Work out what type of worker you are – morning or afternoon (or maybe a night owl?) – then you can tackle the tasks in the order that works best for you depending on when you’re most motivated.

You may be on a timetable at school, but that doesn’t need to be the case at home.

Environment

You may be working from home, but that doesn’t mean working from bed in your PJs. This may have been a novelty for the first month, but you’ll soon realise that it isn’t the most productive way to work.

I’m not saying get into a full-on suit and tie, but getting showered and dressed makes a big difference. This is your way of telling your body it is time to work, and then you can get back into you PJs in the evening, making it easier for you to know when to switch off again.

A home office isn’t possible for everyone, but I found working at a desk (or dining table, whatever you’ve got) really helps too. Sitting in a structured work-zone means that you know when you are there, it is work time. Plus, just like you arrive for work, you can leave it for your lunch break, and again at the end of your day – separating work and home life.

My desk is right next to my bed, but I know that if I’m at the desk it’s time to be productive. If I ever attempt to work from bed (the ‘soft office’ as some call it) I can guarantee, I’ll be asleep within half an hour.

MY LOCKDOWN ROUTINE

7:30 AM – Get up and do a workout/Go for a run

I found it so much better to get this done first thing. If I was leaving it to later in the day or the evenings, I really struggled to actually find the energy – I would end up dreading it all day. Getting it done first meant I could tick it off my list and feel great by 9 AM!

This was the case for five (and sometimes six on a good week) mornings a week, then if it was a day off I would give myself a lie-in until 8:15 ish.

9:00 AM-10:00 AM – Breakfast, showing and get ready for the day, and scroll on my phone

I’m going to be honest here, having a look through Instagram stories became part of my routine.

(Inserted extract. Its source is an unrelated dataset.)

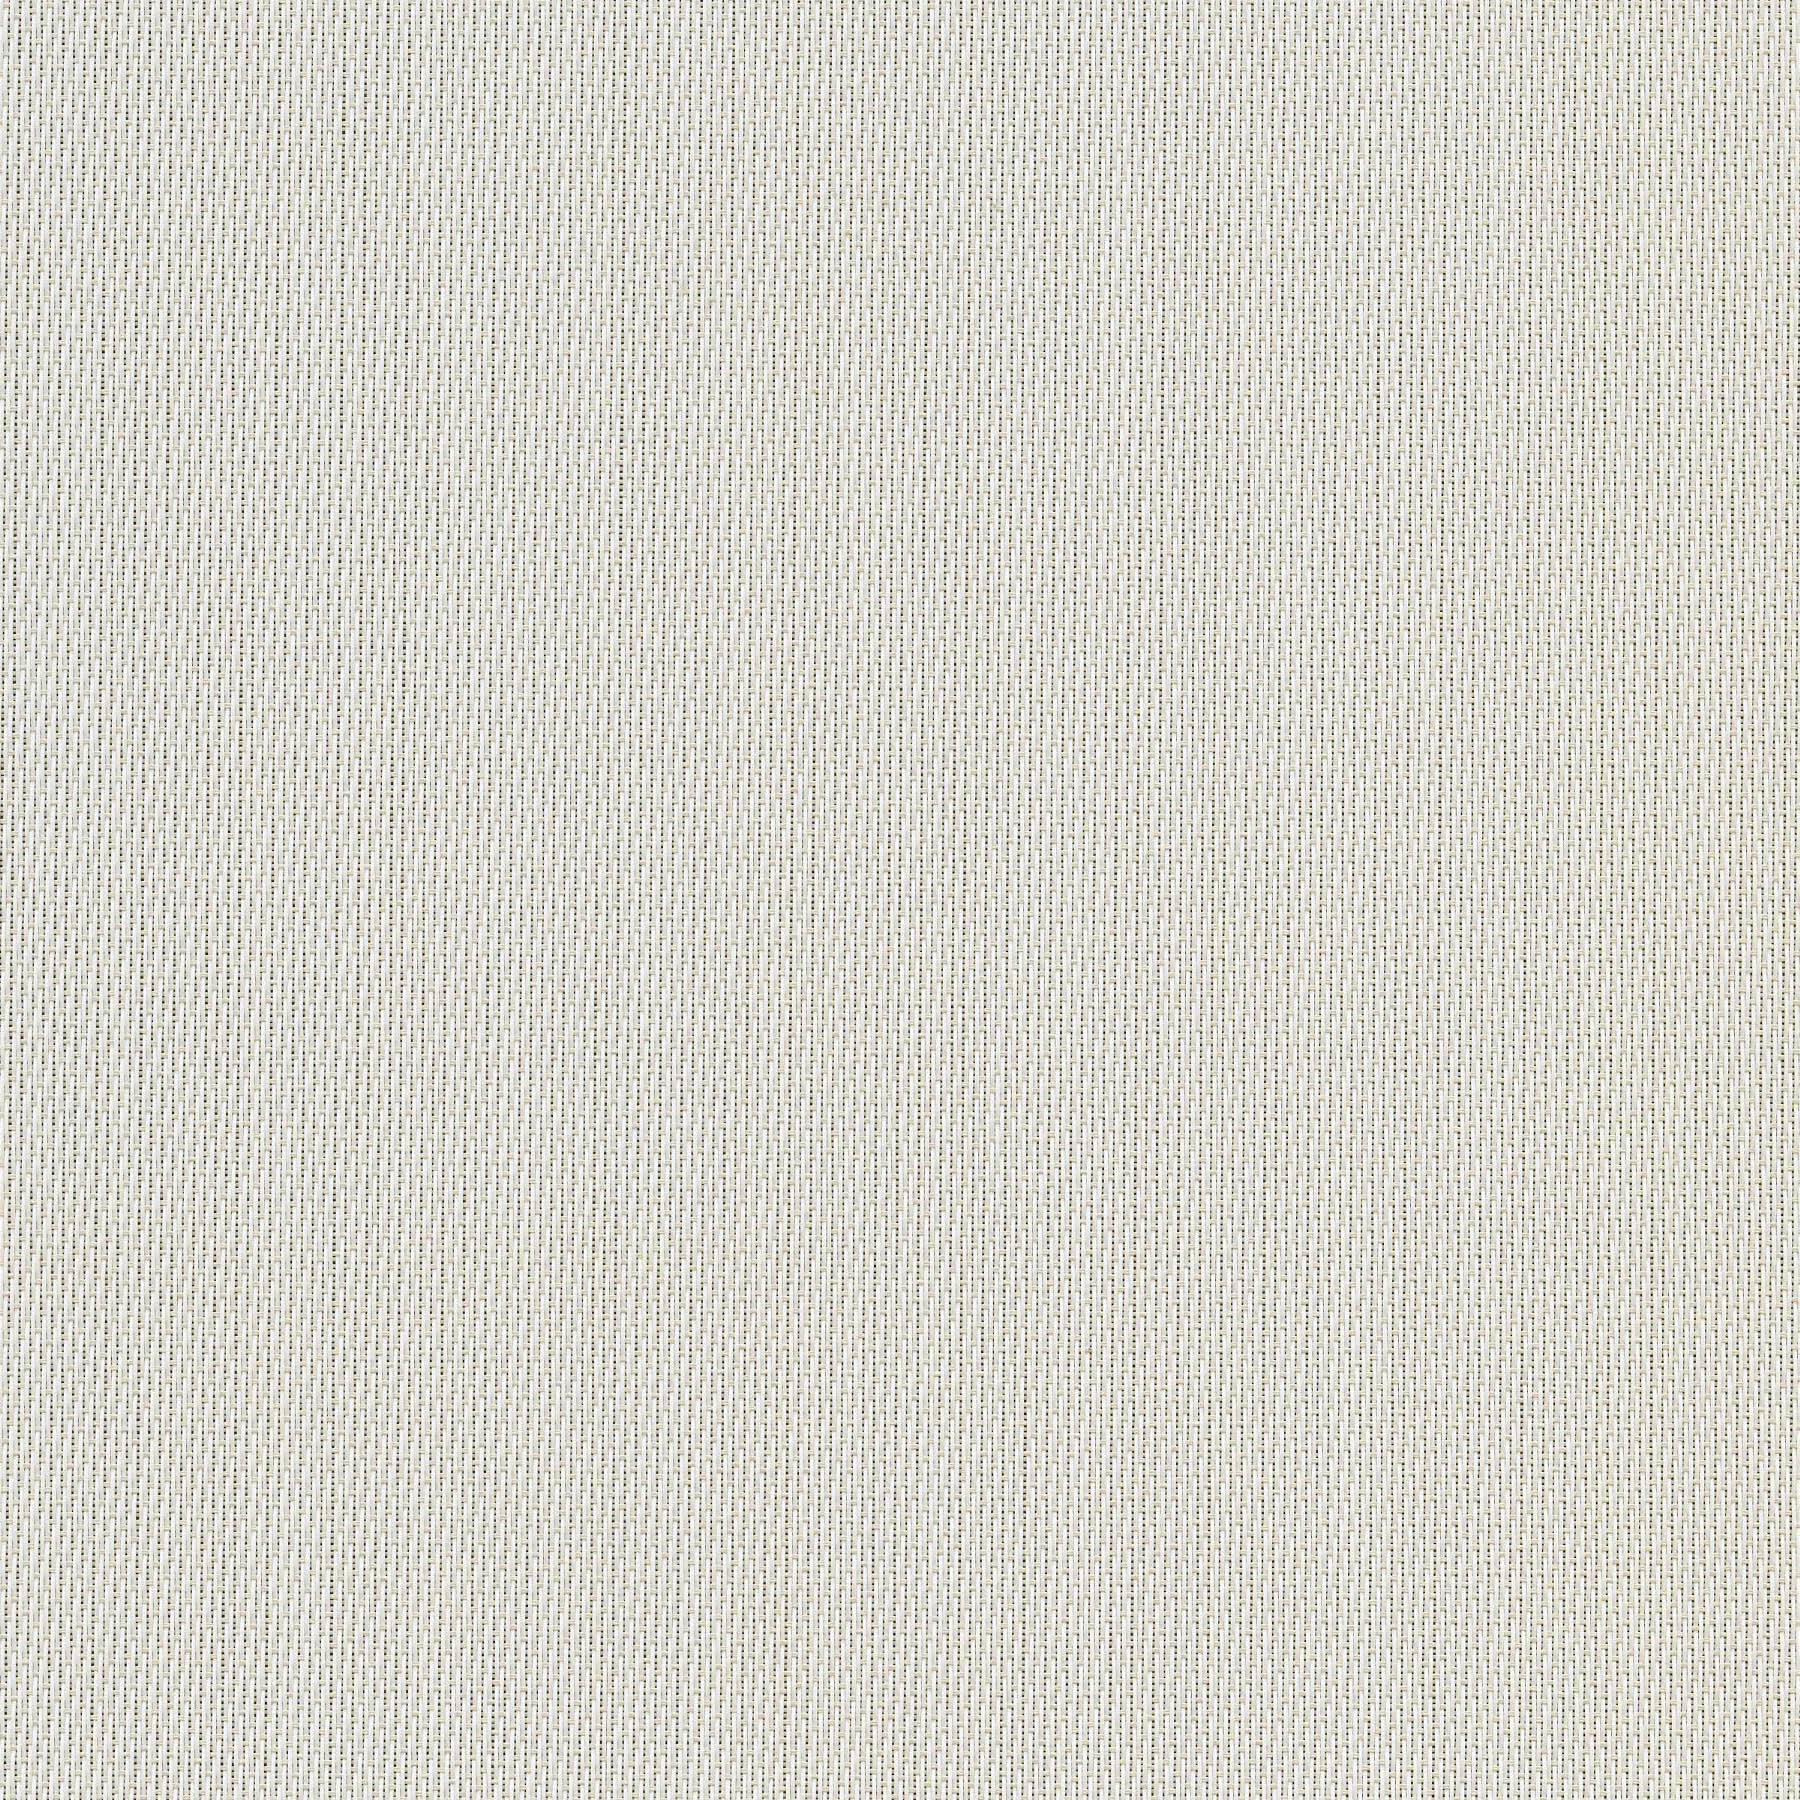 Altex - Fabric - SHEERWEAVE 2705 - Beige/White - 172

10:00 AM-1:00 PM – Morning work session

By work, I mean I was studying for my journalism exams. I definitely work better in the morning, so chose to do work that needed more brain power first.

1:00PM-1:45PM – Lunch

Always a good part of the day.

1:45 PM-5:00 PM – Afternoon work session

I always get into a bit of a slump straight after lunch, so until about 2:30 PM I always take a bit longer to get back to the same level, this is where I’d do tasks that were less taxing.

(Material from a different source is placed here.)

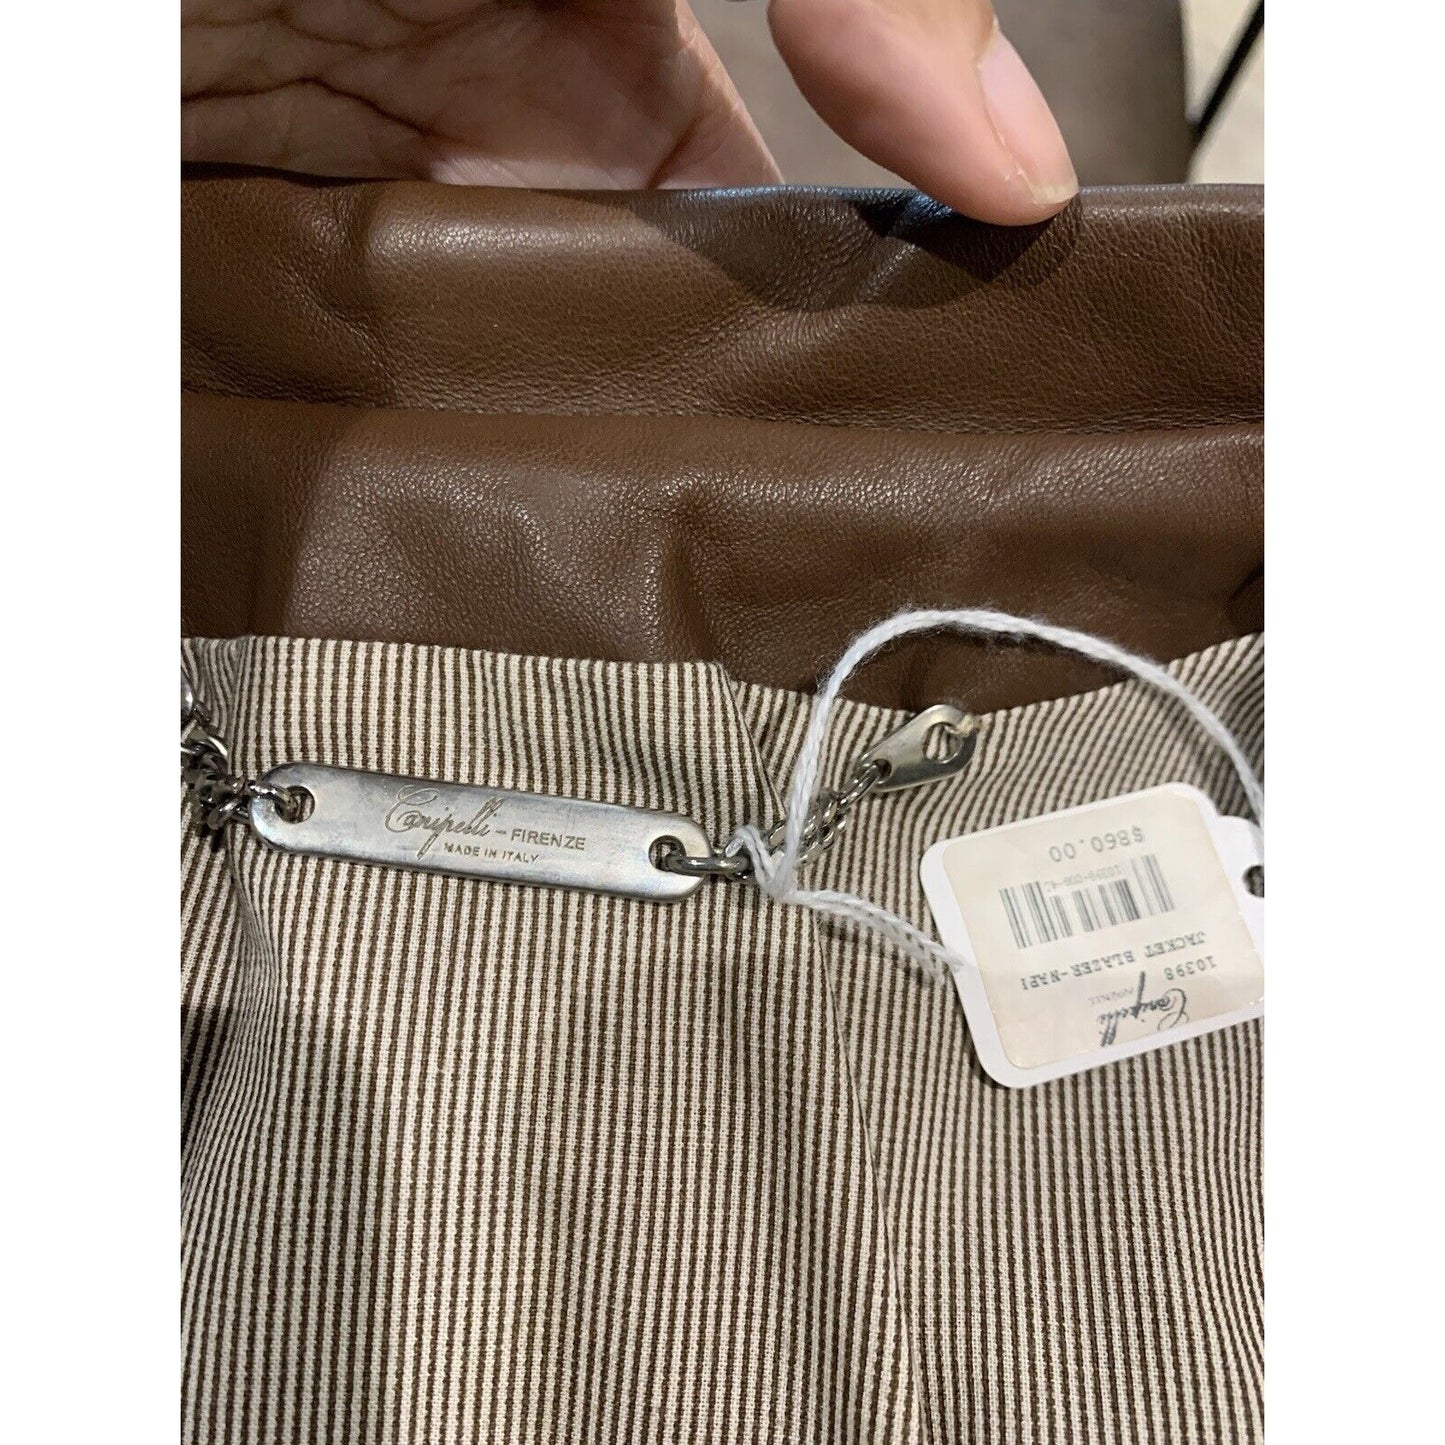 Canipelle Women’s Nappa Leather Blazer Jacket

5:00 PM-5:45 PM – Dog walk

My dog, a mini sausage dog called Luis, knew when it was getting to this time. He would always wait by my door when he knew I was finishing off, so I didn’t even need to say anything and he knew it was time for a walk.

5:45 PM onwards – Relax

I like cooking anyway, but found I was cooking much more over lockdown because I was actually in for the evenings rather than working shifts at the restaurant. This time was for cooking and eating tea (dinner if you’re from the south, or just posh) and then watching TV, catching up on social media, and reading.